Joseph, as well has her children, grandchildren and great-grandchildren are proud of her artist talents. After the children were raised, she said, she began taking art lessons at the Grosse Pointe War Memorial and worked in all mediums — oil, water color, ink, pastel, acrylic and batik. She has landscapes and still lifes propped up in back office at Exway. Joseph said she never forced her work on any family members. However, Marlow noted that most family members have at least one painting.

"I'm good at almost anything (involving painting). I do enjoy doing something," she said. "I started (painting) after the children were grown because my place was in the home with my children."

There are some 300 pieces in the homes of relatives and friends and in the store. Her work has been displayed in the Grosse Pointe War Memorial and in some downtown Detroit buildings.

A member of the Grosse Pointe Artists Association, the women's Painters Association and a past member of the Scarab Club, Joseph doesn't paint any more.

After all the children had homes of their own, Joseph and her husband began to travel, flying on the Concord and riding on the Orient Express. They frequently went to Lebanon, where her husband's family lived.

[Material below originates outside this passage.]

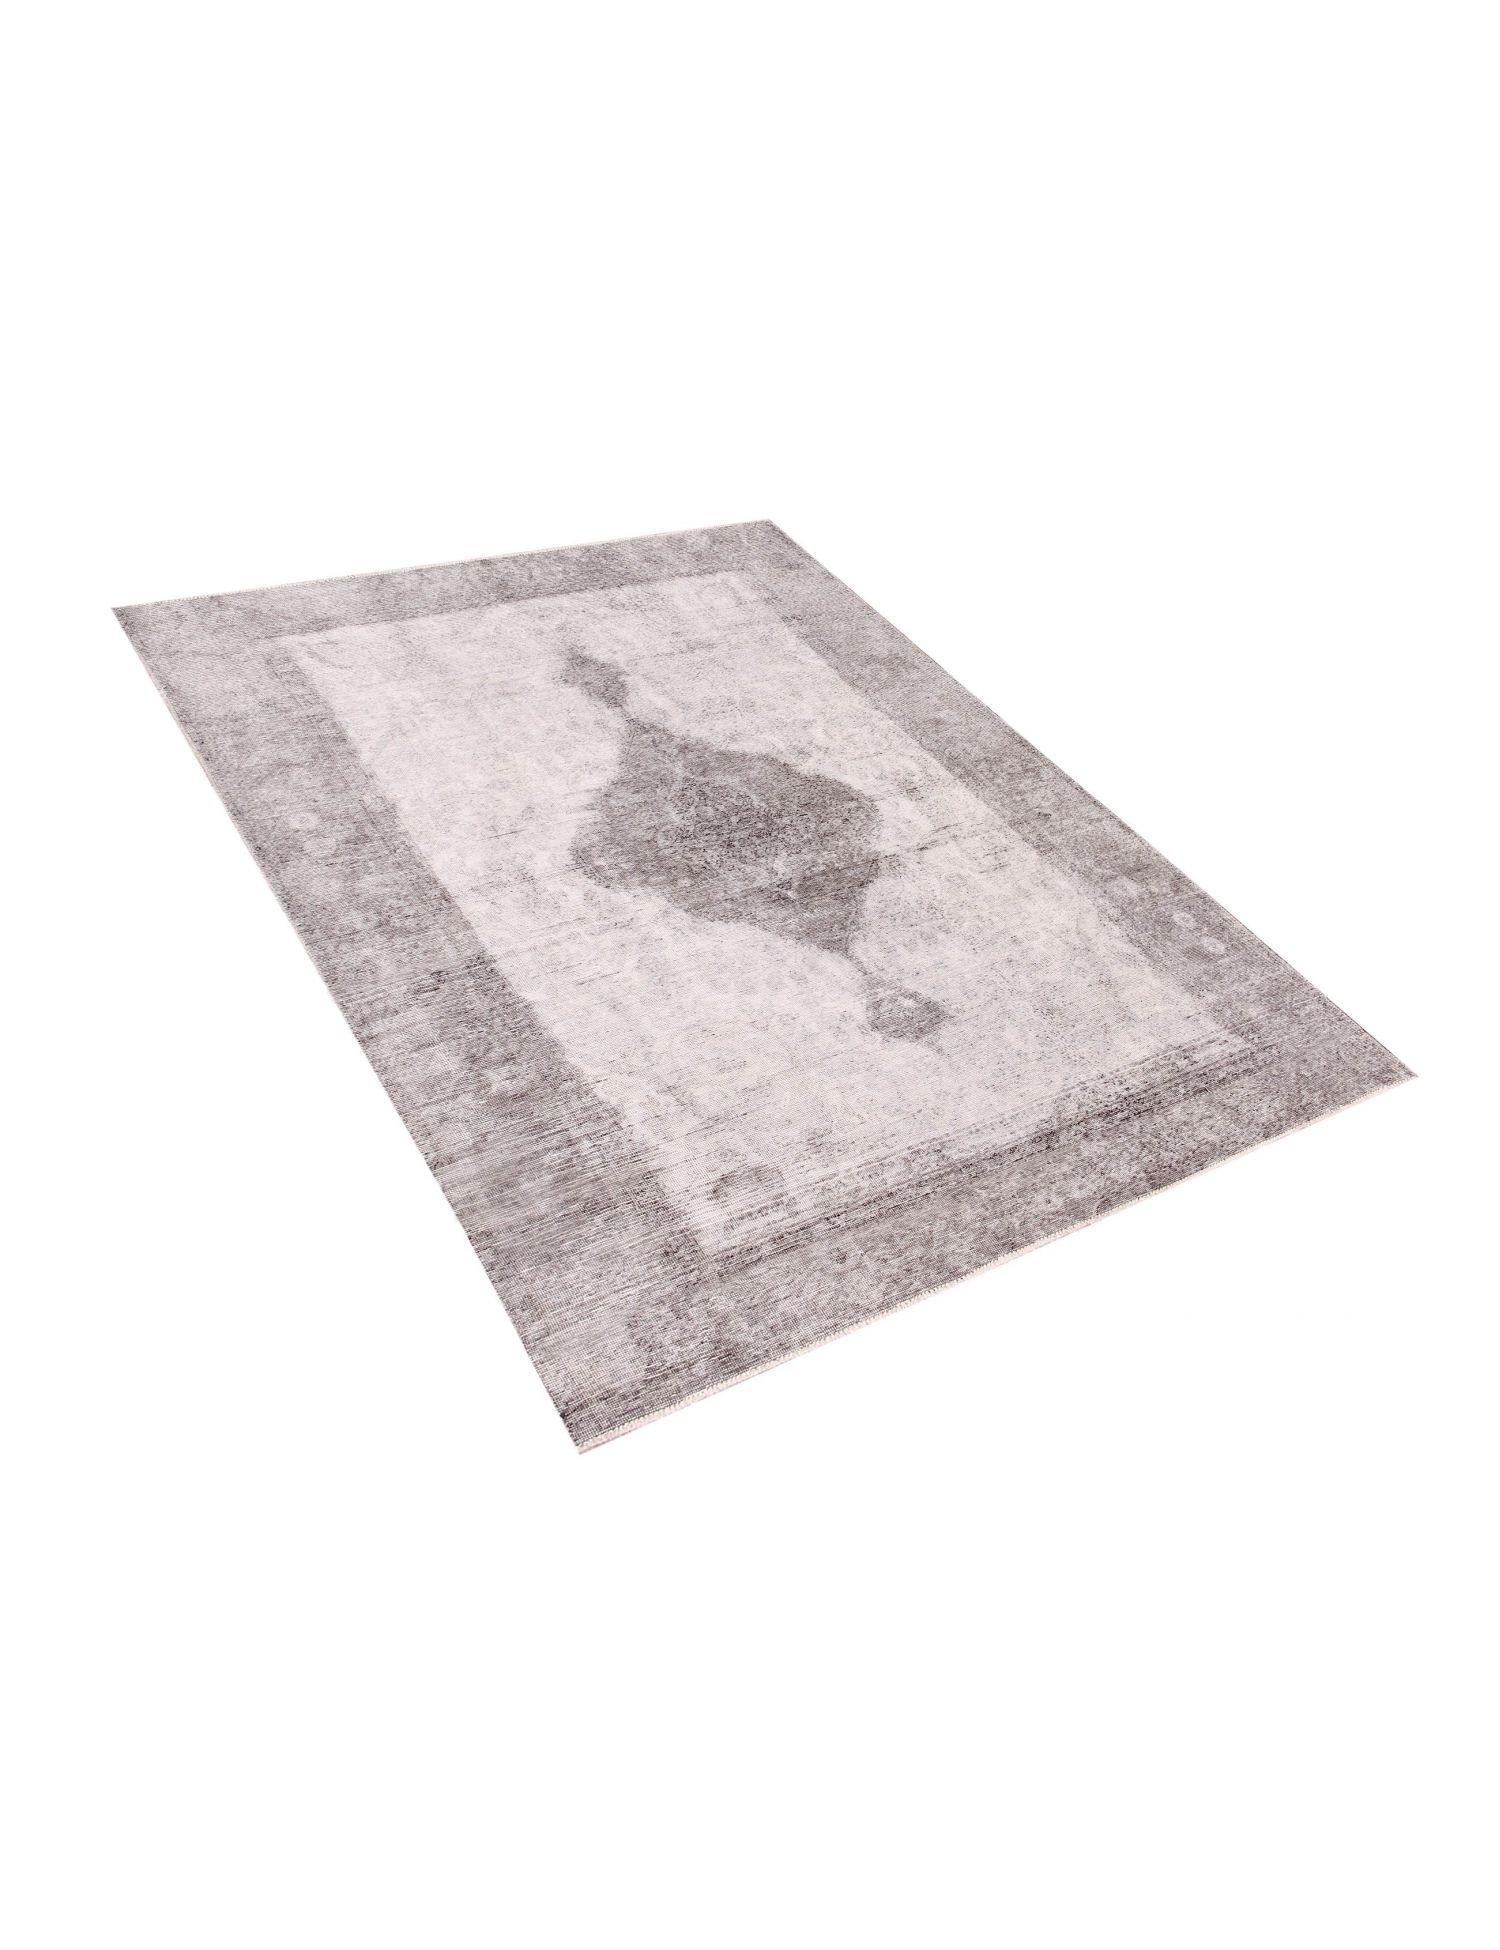 Persischer vintage teppich  grau <br/>272 x 196 cm

Marlow laughed and said it was easy for her mother to converse with her in-laws because their second language was French and being raised French Canadian, French was her first language.

During their travels, the couple would purchase a variety of lighting styles to stock their store.

Joseph pointed out her faith is her mainstay and is a member of Star of the Sea.

"My mother," Marlow said "is a very loving caring mother, with great faith. She has stamina and when she gets knocked down she picks herself up again."

The two talk about Joseph's near brush with death when she had less than a 1 percent chance to live about 6 months after her husband died in 2000. She had gastrointestinal problems and underwent a six hour operation. The doctors didn't paint a promising picture, but the children and nurses didn't give up. Thirty days later, Joseph left the hospital and has been the picture of health since.

Now she and Bernice Polorski of Grosse Pointe Woods head to the casino about once a week to play the 50 cent slots.

"I'm just an ordinary person like anyone else. But I have strong faith," she said.